History:
Playcrafters history traces it's roots back to the office of Mel Hodges, Director of the Rock Island Illinois Playground and Recreation Commission in the 1920's, and a group known as Marshall Dramatics. Several theatre enthusiasts in the Quad Cities area of Western Illinois (Rock Island, Moline) and Eastern Iowa (Davenport, Bettendorf) had formed groups to quench their thirst for theatre by meeting to read plays.
In 1929 these enthusiasts banded together to stage their own shows under the name conceived by Hodges - Playcrafters.

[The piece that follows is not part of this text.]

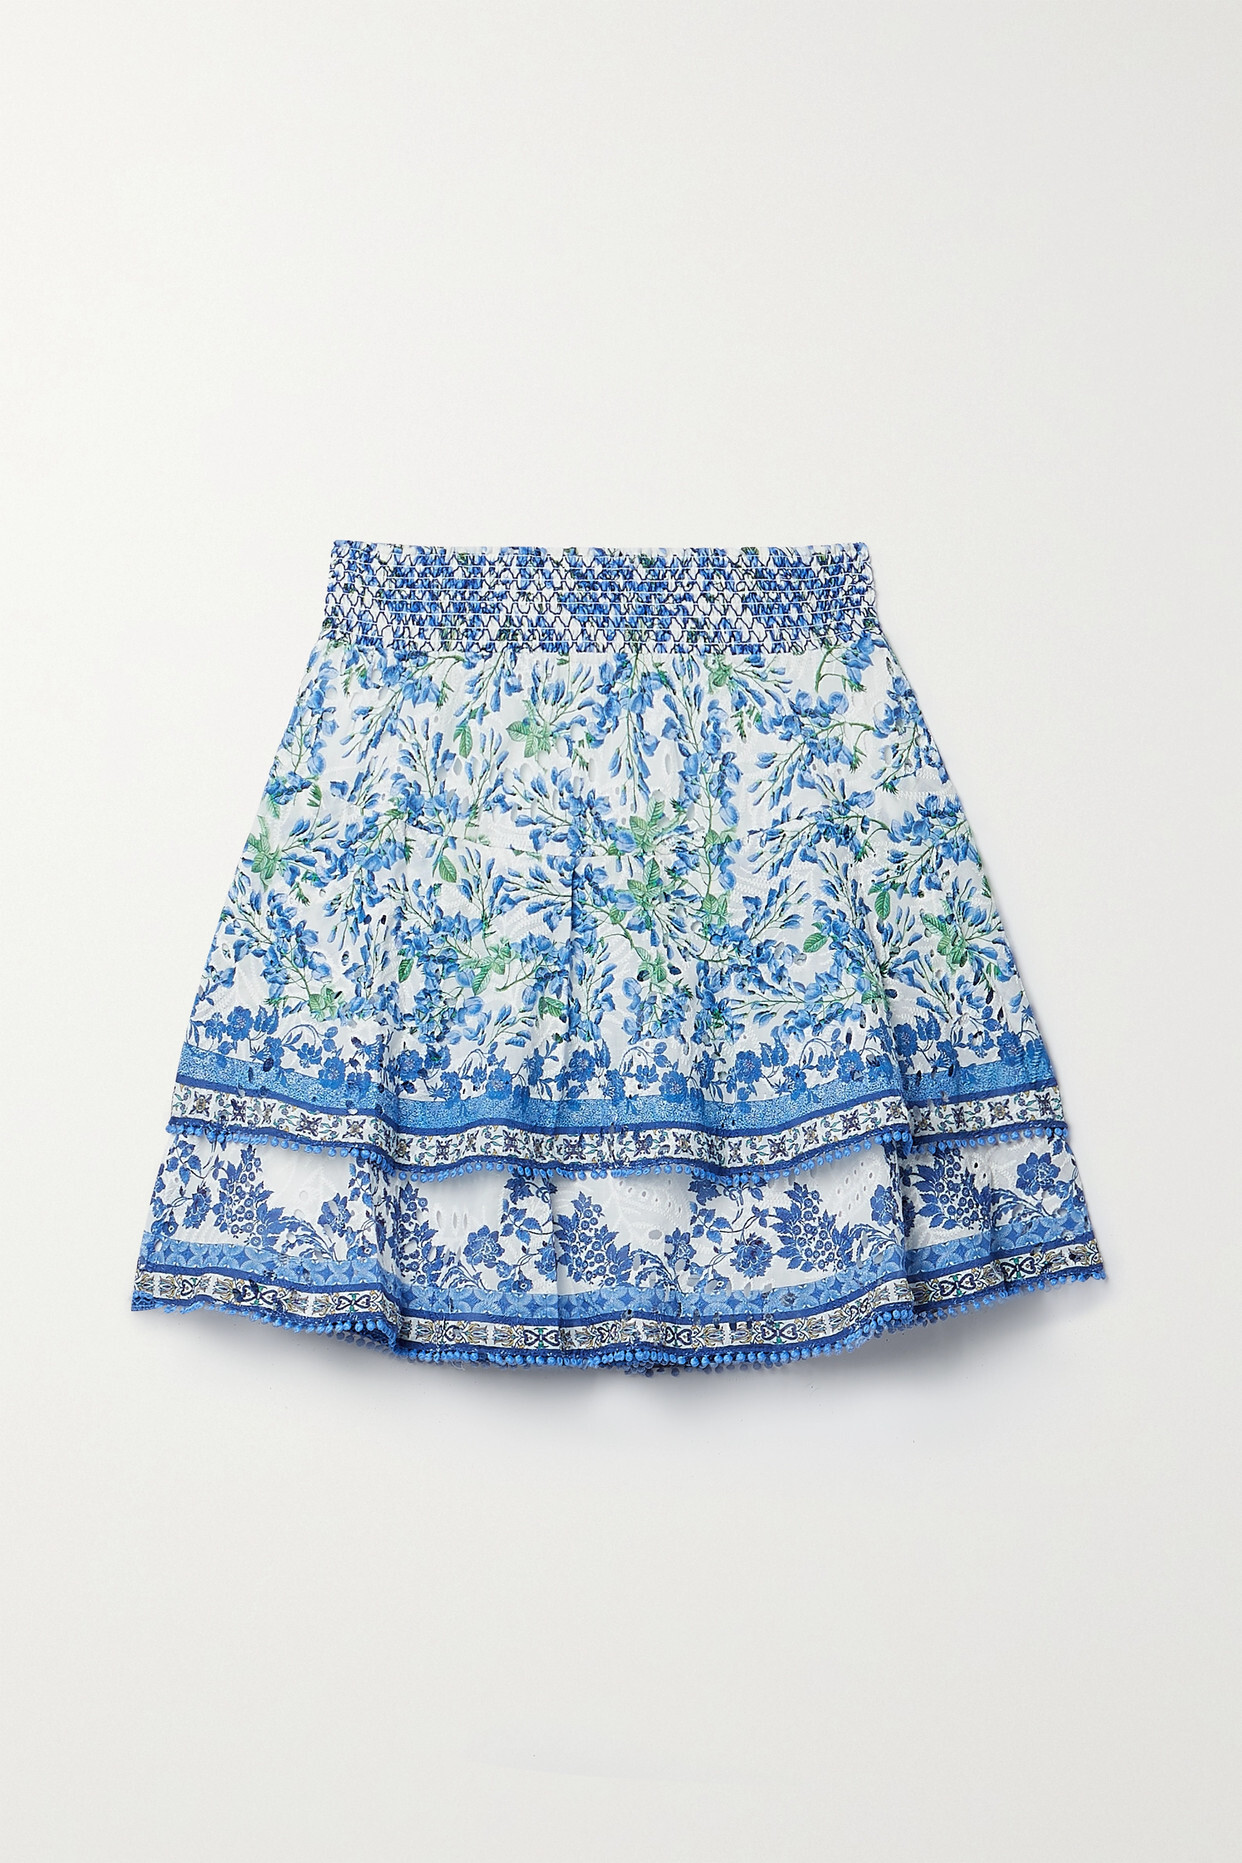 Alice + Olivia Alice + Olivia - Crawford Smocked Printed Broderie Anglaise Cotton Mini Skirt - Blue

Despite the onset of the depression, Playcrafters pioneers performed three shows a year in whatever facility they could get their hands on, often paying for locales and scripts with money out of their own pockets. Tickets were only 25 and 35 cents, and if people didn't have the money for tickets, Playcrafters let them in free.
For it's first 30 years Playcrafters we're reminiscent of a wandering band of minstrels, as venues varied from show to show. Performances were held on outdoor stages, in Audubon School, in the old Fort Theater (now Circa 21), at the old Pronger's Restaurant in Davenport, Iowa, in the Terrace Room of the old Plantation, and at the old Tower Restaurant in Moline, Illinois before the little theater of Rock Island High School became a semi-permanent home.
Sets or flats were constructed in Henry Carlson's Rock Island garage and in members basements, then carted along with lights, and props to wherever that nights production would be held.